Saturday, July 13, 2013

Finding Out

When I found out I was pregnant at 21 I had a rush of emotions. I was so utterly surprised that I wasn't even sure how to react. I had always had irregular periods because of my Polycystic Ovary Syndrome and even birth control did not regulate it. I was told that because of the PCOS, I would most likely have problems getting pregnant. so you can imagine my surprise as a senior in college when I held the positive pregnancy test in my hand.

After the initial impact of the news, I had time to actually soak it all in. I went and told John at his DJing gig that night and when I saw the smile on his face, I knew that everything was going to be okay. John had proposed to me in November, 4 months before I became pregnant, and I couldn't have been more excited to start the rest of my life with him. I knew he was who I wanted to be with, so finding out I was pregnant did not make me feel like I was going to be stuck with someone who I wasn't sure about.

But then reality set it. Big decisions needed to be made. Anxiety attacked me full force. Hormones always found a way into turning me into a blubbering mess. And worst of all, I had no control over any of it.

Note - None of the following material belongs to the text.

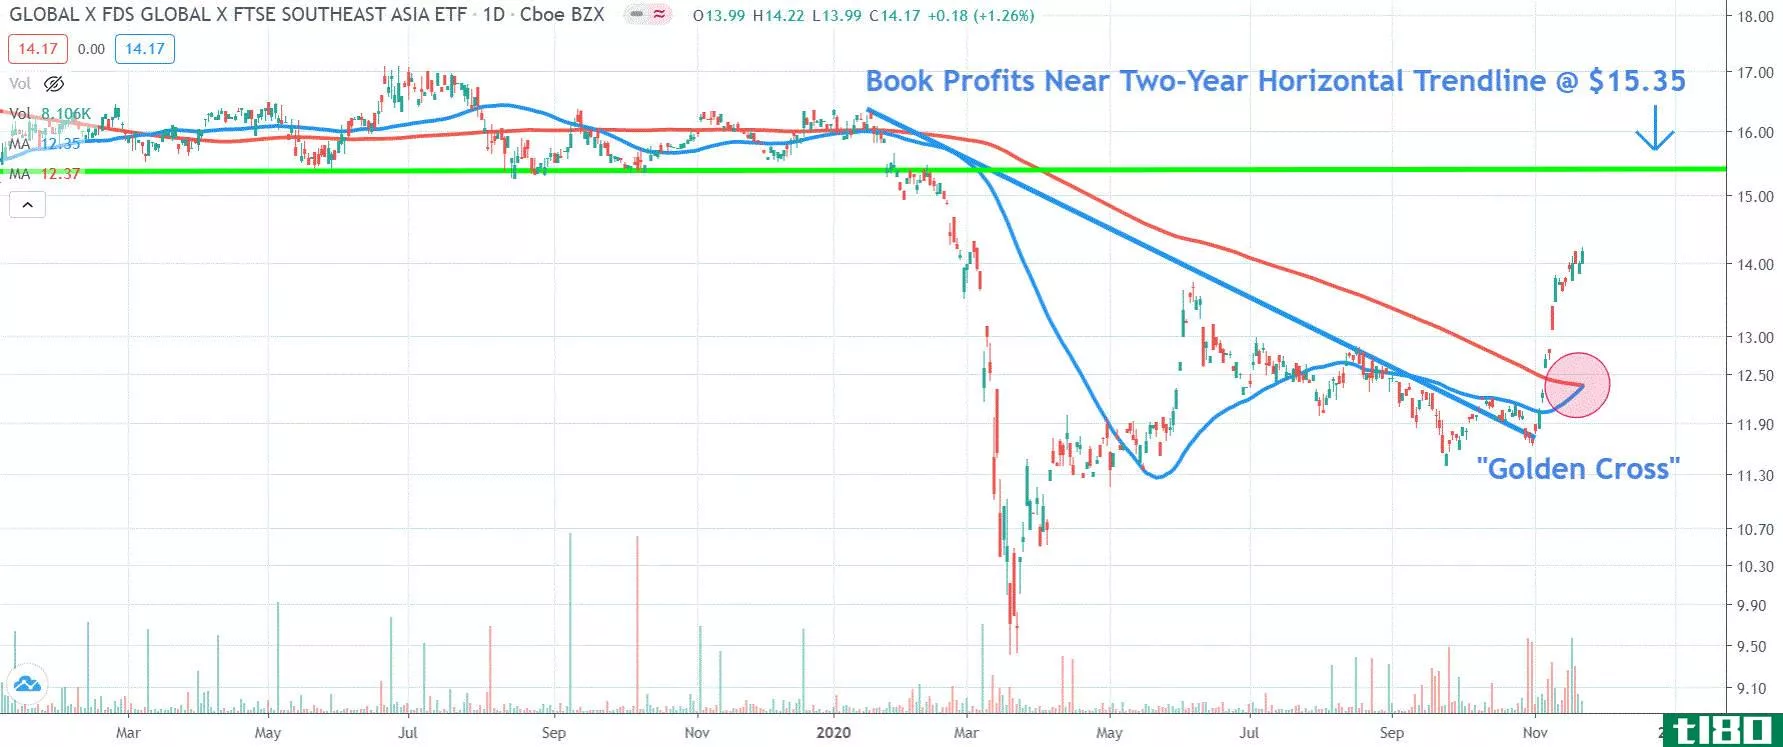 Chart depicting the share price of the Global X FTSE Southeast Asia ETF (ASEA)
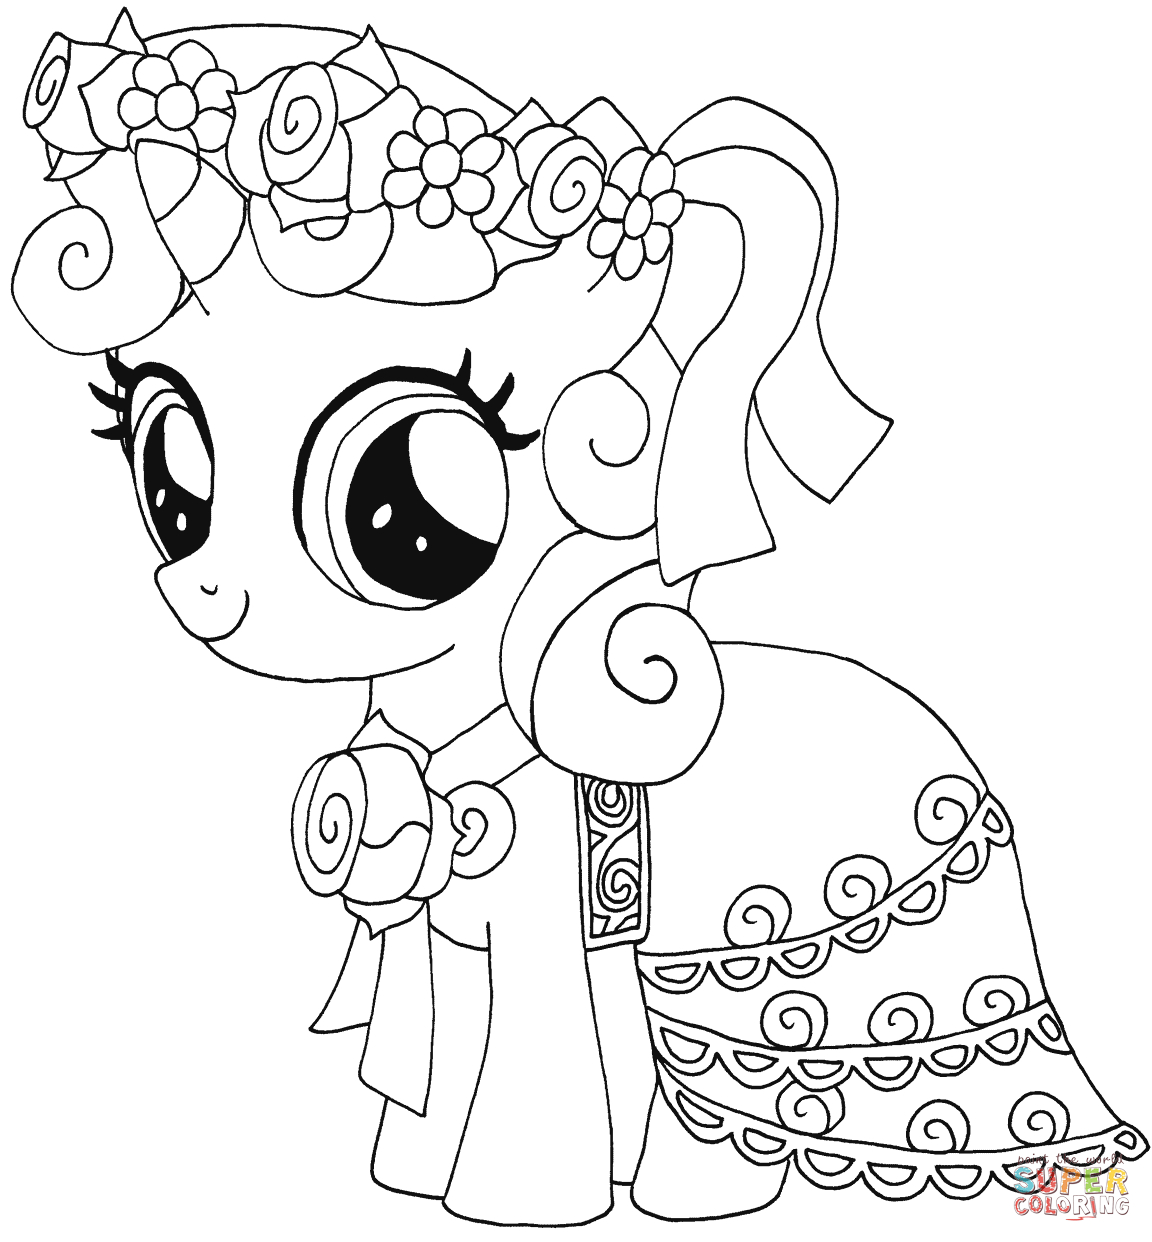 My Little Pony Coloring Pages | Free Coloring Pages - Free Printable Coloring Pages Of My Little Pony

So here I am, 21 and pregnant. I have the rest of my life in front of me and a baby on the way. The emotional roller coaster I have been on since the day I found out is actually why I wanted to start this blog. Some of the things I have gone through might be unique to my situation, but I hope that this blog will still be relatable to other young moms.

Even I don't know where this blog is going to take me because my situation changes everyday, but I am inviting you to join me for the ride. Enjoy!